Morning star has a story about rise of passive investing which is an interesting use case of human as a hero vs. human as a hazard discussion. They conclude:

.. the growing use of passive investment vehicles reflects the times in which we live. With algorithms helping determine which online ads we’re exposed to each day and new metrics being invented all the time to aid in arenas as diverse as business, politics, and sports, perhaps it should come as no surprise that more people are willing to rely on an inexpensive, systematic, formula-based approach to investing rather than on the judgment and decision-making ability of a living, breathing fund manager.

The article also talks about the obvious next step – that the simple index tracking form of passive investing will be supplemented with smarter algorithms for those investment decisions.

More recently, increasing attention has been paid to alternative indexing approaches–so-called smart beta–that are built around specific factors (stock price/earnings ratios, company performance, share-price volatility, to name a few). Some consider this a hybrid of indexing and active management styles.  

This seems to be a case where the human as a hazard point of view is winning and the design choice has been to upfront capture human insights in algorithms (as in smart beta approaches). Going back to the factors that influence the design choice, the factor that matters here is the most is the type of decision that is being influenced. Investment returns is not about managing extreme decisions but improving the average across several small decisions with well-established rules of good vs. bad decisions.


Humans and/or Algorithms

Walter Frick has written a great blog post about the issue of human and algorithm collaboration.  While it is a great philosophical question, I am interested in it from a systems thinking perspective.

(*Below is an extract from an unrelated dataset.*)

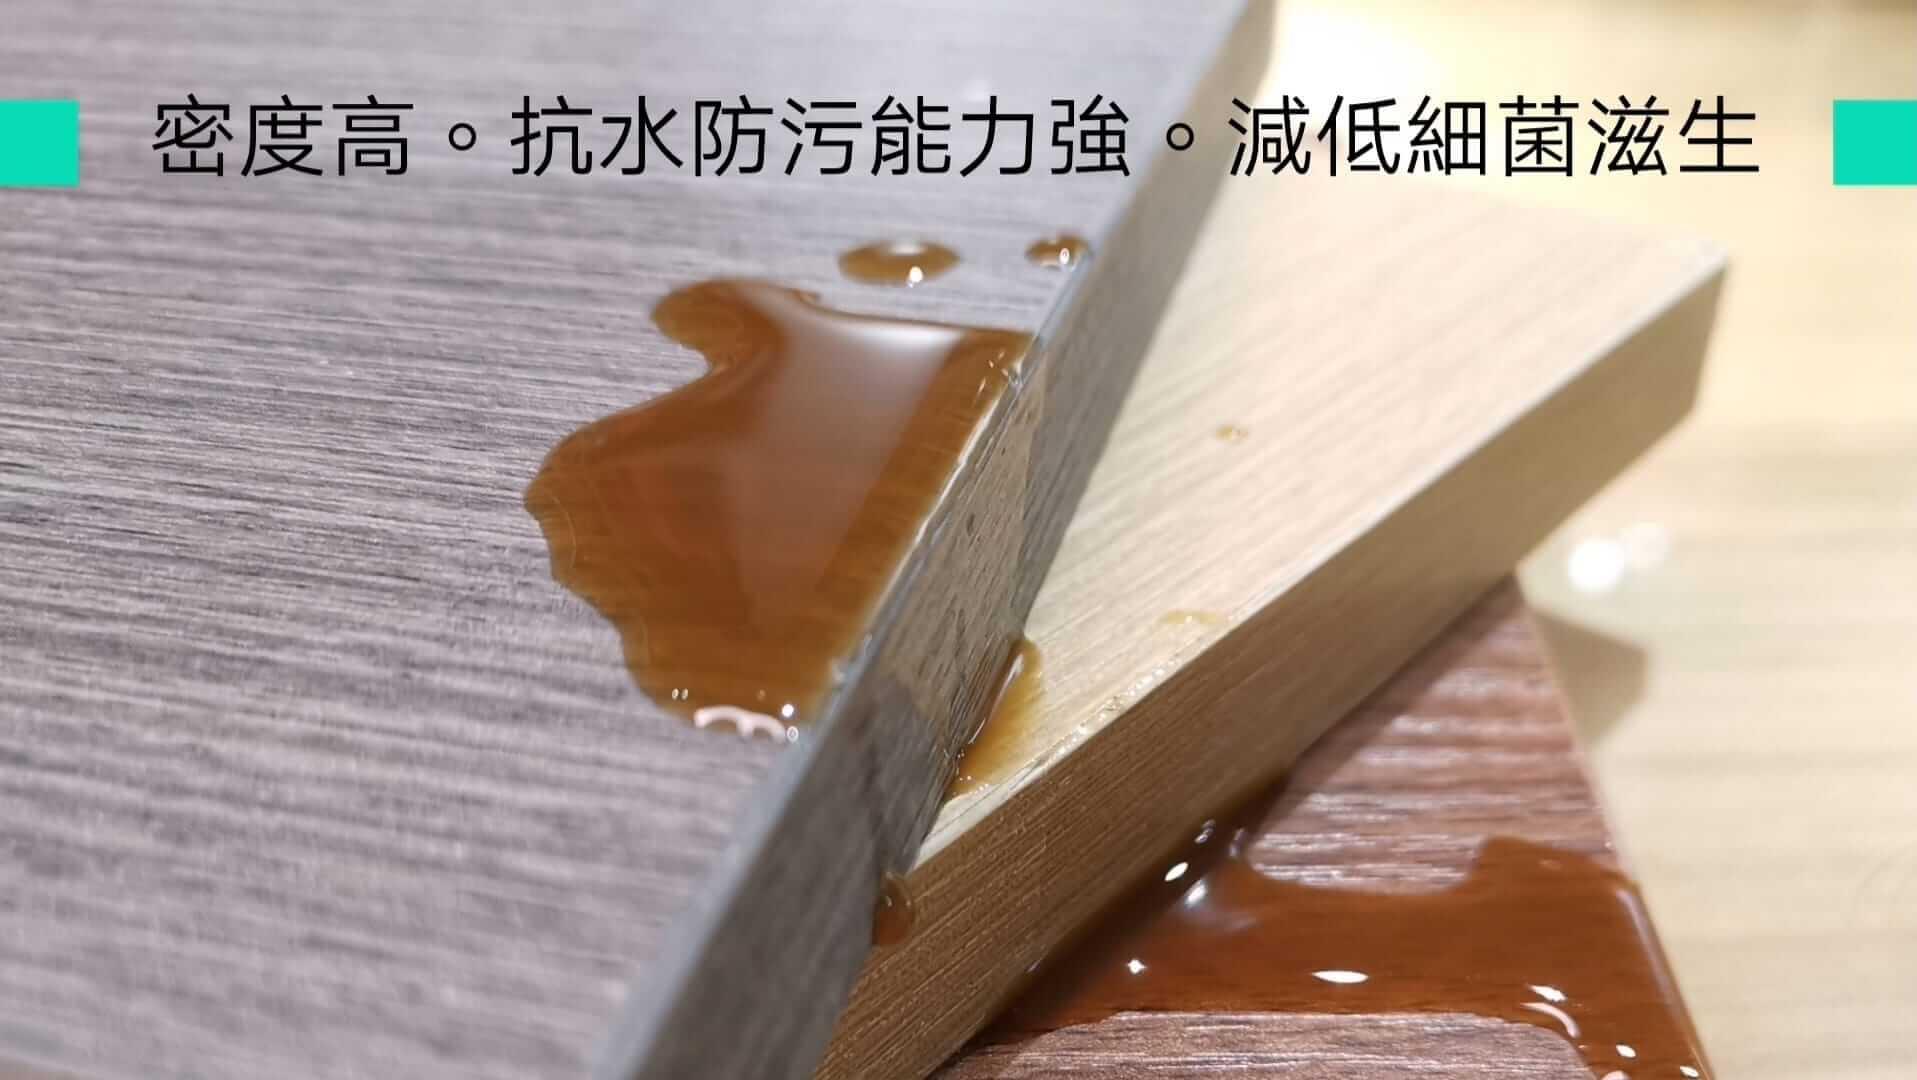 抗磨防污板材

The central question seems to be: Human as a hero (humans augment algorithms based judgment) or human as a hazard (humans provide inputs that will make better algorithms for automated decisions) in the decision-making context

With all the promise of Big data in business, I believe it is a key design choice for ‘smart’ systems that are being deployed to improve business decisions – what the next best product that the customer should be offered, which patients should be targeted for medication adherence intervention, or where to locate the manufacturing capacity for an efficient supply chain etc. The human as a hero vs. human as a hazard choice will define whether the smart systems are accepted, adopted and ultimately drive value.

Based on my experience, I do not believe it is one or the other that is superior.

I have seen consumer goods companies who have deployed suggested ordering systems where the algorithms were accurate 90% of the times about the expected order and the sales person was able to override the systems when things did not match his/her experience or they had unique insight (like they know about a church event over the coming weekend that will increase consumption and the suggested order needs to be bumped up). And I have seen examples of retailers that do not want any store replenishment decision to be made by humans once the input parameters are set. They want the algorithms to take over and it has worked for them.

There are three factors that influence the design choice.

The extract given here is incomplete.